-- SUPPLIED RECORDS follows --
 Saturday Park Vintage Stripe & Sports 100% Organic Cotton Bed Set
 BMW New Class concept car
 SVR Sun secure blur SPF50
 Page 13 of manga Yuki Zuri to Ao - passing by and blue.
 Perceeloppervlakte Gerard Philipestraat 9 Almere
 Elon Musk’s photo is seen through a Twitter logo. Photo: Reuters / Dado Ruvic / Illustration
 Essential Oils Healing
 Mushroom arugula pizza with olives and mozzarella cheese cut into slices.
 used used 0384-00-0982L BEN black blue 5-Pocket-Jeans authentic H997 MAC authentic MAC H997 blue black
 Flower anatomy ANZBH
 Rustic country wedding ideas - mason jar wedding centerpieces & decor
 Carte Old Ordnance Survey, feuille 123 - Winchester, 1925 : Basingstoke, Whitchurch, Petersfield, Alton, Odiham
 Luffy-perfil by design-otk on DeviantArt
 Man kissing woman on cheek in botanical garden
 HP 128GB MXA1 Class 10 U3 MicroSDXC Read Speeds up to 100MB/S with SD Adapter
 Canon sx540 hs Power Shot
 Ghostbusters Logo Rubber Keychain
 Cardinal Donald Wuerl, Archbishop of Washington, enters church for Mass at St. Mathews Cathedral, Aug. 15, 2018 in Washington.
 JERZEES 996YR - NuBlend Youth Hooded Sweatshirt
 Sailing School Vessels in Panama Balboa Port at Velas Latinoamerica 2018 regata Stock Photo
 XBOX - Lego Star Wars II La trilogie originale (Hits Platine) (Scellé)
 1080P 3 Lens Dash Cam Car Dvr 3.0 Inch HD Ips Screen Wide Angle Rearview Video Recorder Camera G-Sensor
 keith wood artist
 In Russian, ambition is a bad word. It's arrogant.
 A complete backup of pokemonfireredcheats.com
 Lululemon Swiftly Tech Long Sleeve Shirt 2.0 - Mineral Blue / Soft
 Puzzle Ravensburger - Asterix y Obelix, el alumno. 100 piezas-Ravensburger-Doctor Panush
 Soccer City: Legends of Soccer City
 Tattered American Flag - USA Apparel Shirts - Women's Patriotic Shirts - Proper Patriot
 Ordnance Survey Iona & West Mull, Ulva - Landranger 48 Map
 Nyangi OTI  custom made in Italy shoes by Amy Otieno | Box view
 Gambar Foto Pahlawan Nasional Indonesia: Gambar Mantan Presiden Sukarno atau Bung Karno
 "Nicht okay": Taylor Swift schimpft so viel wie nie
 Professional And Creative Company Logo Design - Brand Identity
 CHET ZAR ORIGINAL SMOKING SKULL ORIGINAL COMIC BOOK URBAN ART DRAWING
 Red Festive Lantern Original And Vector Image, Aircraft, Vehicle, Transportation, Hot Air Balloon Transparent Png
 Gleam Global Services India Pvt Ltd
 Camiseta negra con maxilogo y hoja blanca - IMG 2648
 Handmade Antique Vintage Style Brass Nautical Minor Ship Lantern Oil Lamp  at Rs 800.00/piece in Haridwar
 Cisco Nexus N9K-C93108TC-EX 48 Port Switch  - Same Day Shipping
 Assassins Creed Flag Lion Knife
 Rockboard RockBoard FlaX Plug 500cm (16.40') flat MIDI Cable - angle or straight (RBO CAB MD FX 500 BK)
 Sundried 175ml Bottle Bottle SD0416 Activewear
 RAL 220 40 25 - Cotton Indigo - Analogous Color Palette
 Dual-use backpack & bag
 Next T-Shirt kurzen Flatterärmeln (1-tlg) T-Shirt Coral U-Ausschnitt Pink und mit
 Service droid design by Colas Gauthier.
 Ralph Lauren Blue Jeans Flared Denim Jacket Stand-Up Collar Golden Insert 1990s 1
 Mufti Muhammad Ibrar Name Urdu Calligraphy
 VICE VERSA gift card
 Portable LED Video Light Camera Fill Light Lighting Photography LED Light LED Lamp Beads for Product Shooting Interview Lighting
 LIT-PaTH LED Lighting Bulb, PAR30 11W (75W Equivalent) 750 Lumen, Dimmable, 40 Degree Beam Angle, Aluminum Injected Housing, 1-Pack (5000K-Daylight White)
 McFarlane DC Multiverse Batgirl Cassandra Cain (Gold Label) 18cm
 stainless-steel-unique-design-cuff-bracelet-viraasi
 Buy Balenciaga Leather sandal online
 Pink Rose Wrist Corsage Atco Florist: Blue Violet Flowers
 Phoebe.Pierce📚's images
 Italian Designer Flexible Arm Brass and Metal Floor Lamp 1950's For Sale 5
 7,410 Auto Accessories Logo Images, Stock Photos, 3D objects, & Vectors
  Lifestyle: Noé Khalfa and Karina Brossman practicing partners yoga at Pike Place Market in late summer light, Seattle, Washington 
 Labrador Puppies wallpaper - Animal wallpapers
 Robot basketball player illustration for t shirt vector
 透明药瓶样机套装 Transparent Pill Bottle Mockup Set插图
-- SUPPLIED RECORDS concluded --
[WHAT THIS TASK INVOLVES]: If a line contains the word "Vintage", count it; give the total for the entries above and nothing else.

[EXERCISE RESULT]: 2